Either way the process is the same. Determine the criteria that are important to you. Price. Functionality. Vendor support. Do your research. Which will lead to more research. See a few vendor demonstrations and watch the salesperson courting ritual.

Making a choice is easy when you have hindsight. If you don't have it, use someone else's.

Friday, August 11

Ownership over governance

Knightsbridge released their Top 10 trends in BI. The Whitepaper is brief but they point out that the business is best suited to own and manage the organization's data. Afterall the business supplies the information and consumes the information; taking ownership over how the information is governed for BI only makes sense.

Knightsbridge's "6 key dimensions" for a governance program sound a bit technology and data quality focused. I may supplement them with The Gatekeeper approach and the business committment to taking ownership, especially of meta-data and proliferation of reports.

The ability to bring together multiple business units under Enterprise-level BI will require strong leadership. The business needs to assign leaders who have the authority and influence to navigate the political landscape.

When building a governance model, as Aloys points out, you want to start off with a 70%-right governance model, require committment from stakeholders, and paint a good looking end-state to help stakeholders through change.

Jim Wirth writes a more in-depth post about the top 5 Knightbridge trends.

Wednesday, August 9

Aussi rules for BI


Thanks to Alex Cook for this Austrailian Building Commission website that makes analysis of their performance measures available to the public. You can understand their business just from the intuitive nature of the website.

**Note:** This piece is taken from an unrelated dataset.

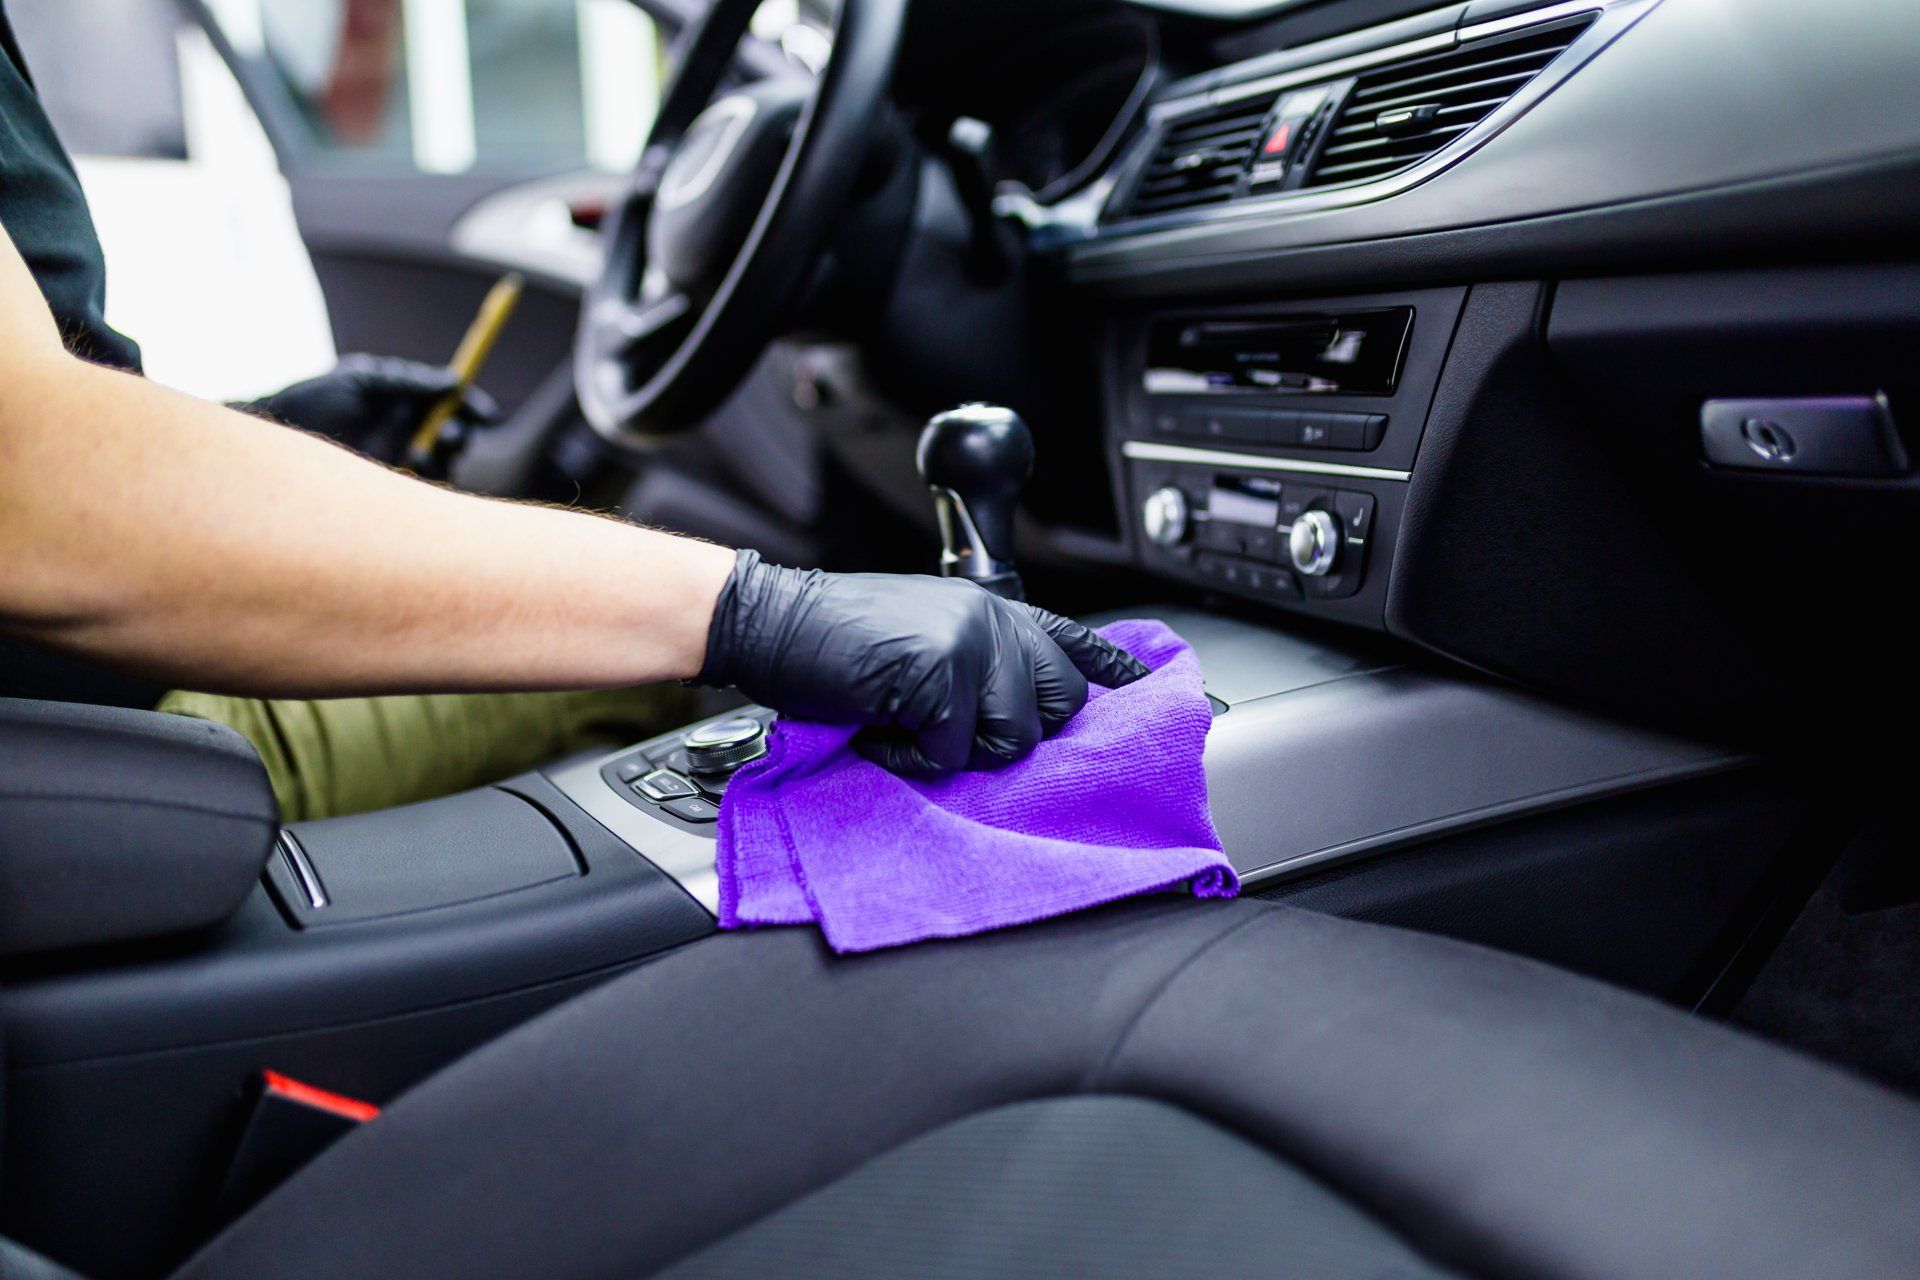 https://lirp.cdn-website.com/8bf226d6/dms3rep/multi/opt/stock-photo-a-man-cleaning-car-interior-car-detailing-or-valeting-concept-selective-focus-743191834-1920w.jpg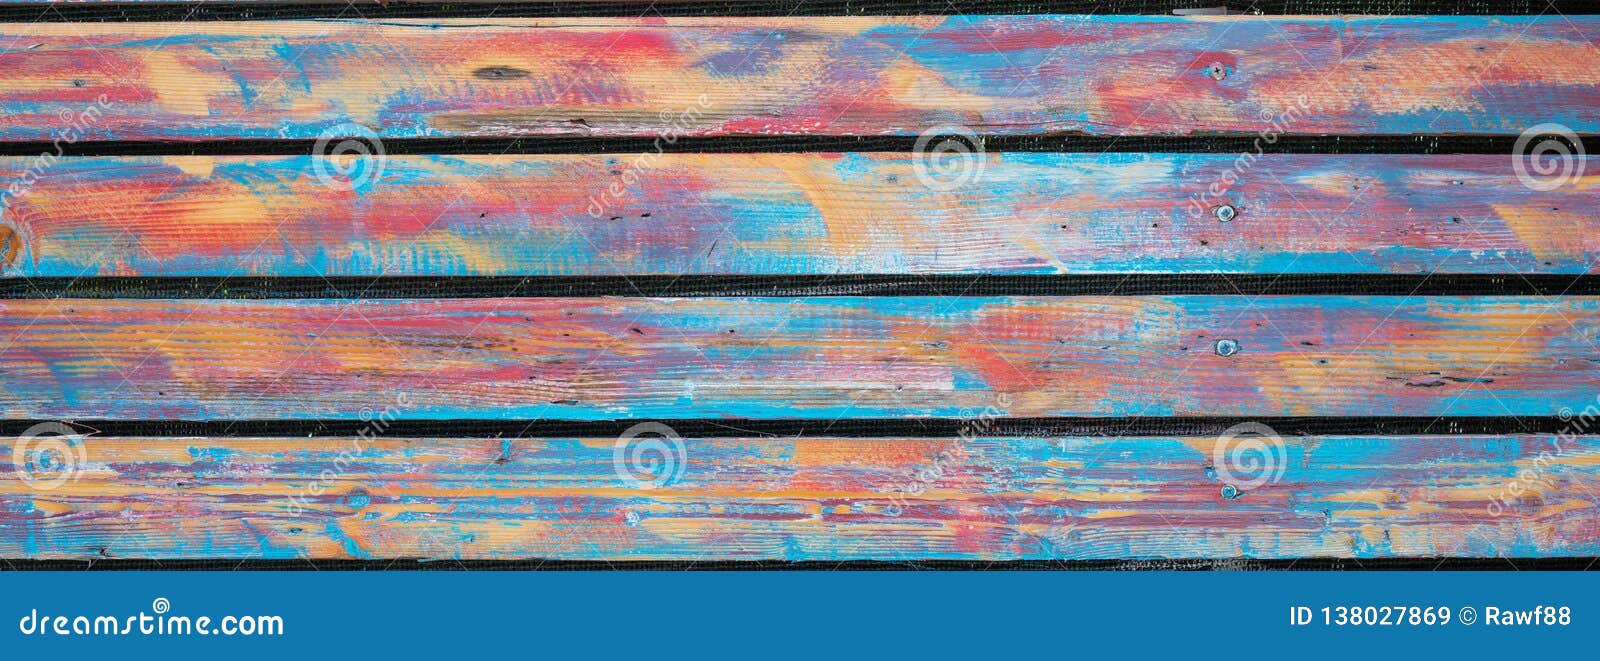 wooden planks, colorful painted, with nails, floor or wall, banner

6 reasons why this is a great site for promoting successful BI:
  1. Users are the public so the drill down analysis needs to be dead simple.
  2. Defintions for each measure are explained clearly and concisely (and short).
  3. Seamless integration between the web user interface and BI tools.
  4. The analysis and reports are displayed using Web presentation best practices (BI vendors could learn here for their own Portal product offerings).
  5. Performance is relative; they compare to 16 headline measures.
  6. You don't know what BI tool is being used or even that you are using a BI tool.


Thursday, August 3

All-you-can-eat BI

All you need is a web browser. No infrastructure. No BI resources or specialists. Then you pay monthly for your transformed BI. How do you have BI without any resources or infrastructure? Doing this would definitely lower the barriers of entry for more SME's to get into BI.

Sharp Analytics offers to do just that - outsource your BI saving you from having BI infrastructure and BI specialists. They started as a niche BI company for marketing data. Now they are providing affordable, web-based, external BI for marketing, financial, utilities and retail.

Their "data as a service" approach lowers the financial burden and removes the need for technical skillsets when operating a BI system. Prepare for this model of BI to take hold and be used by more organizations. The reduced capital spending on initial infrastructure and toolset licenses may be a key driver for many.

Tuesday, August 1

Put the V in your project

When there are a several choices of project managing lifecycles to choose from, which one suites you best.

Waterfall approach. Iterative cycles or spiral model. CMMI. Or the German V-Model.

The V-Model is an interesting concept from Germany. The left tail represents specifications; the right tail as the testing stream related to the specifications defined on the left. The V bottom represents the development stream.

Many projects fall short in the testing cycles. Either not enough or not enough of the right kind. The V-Model shows that testing needs to occur at all levels from the developers code to the business requirements.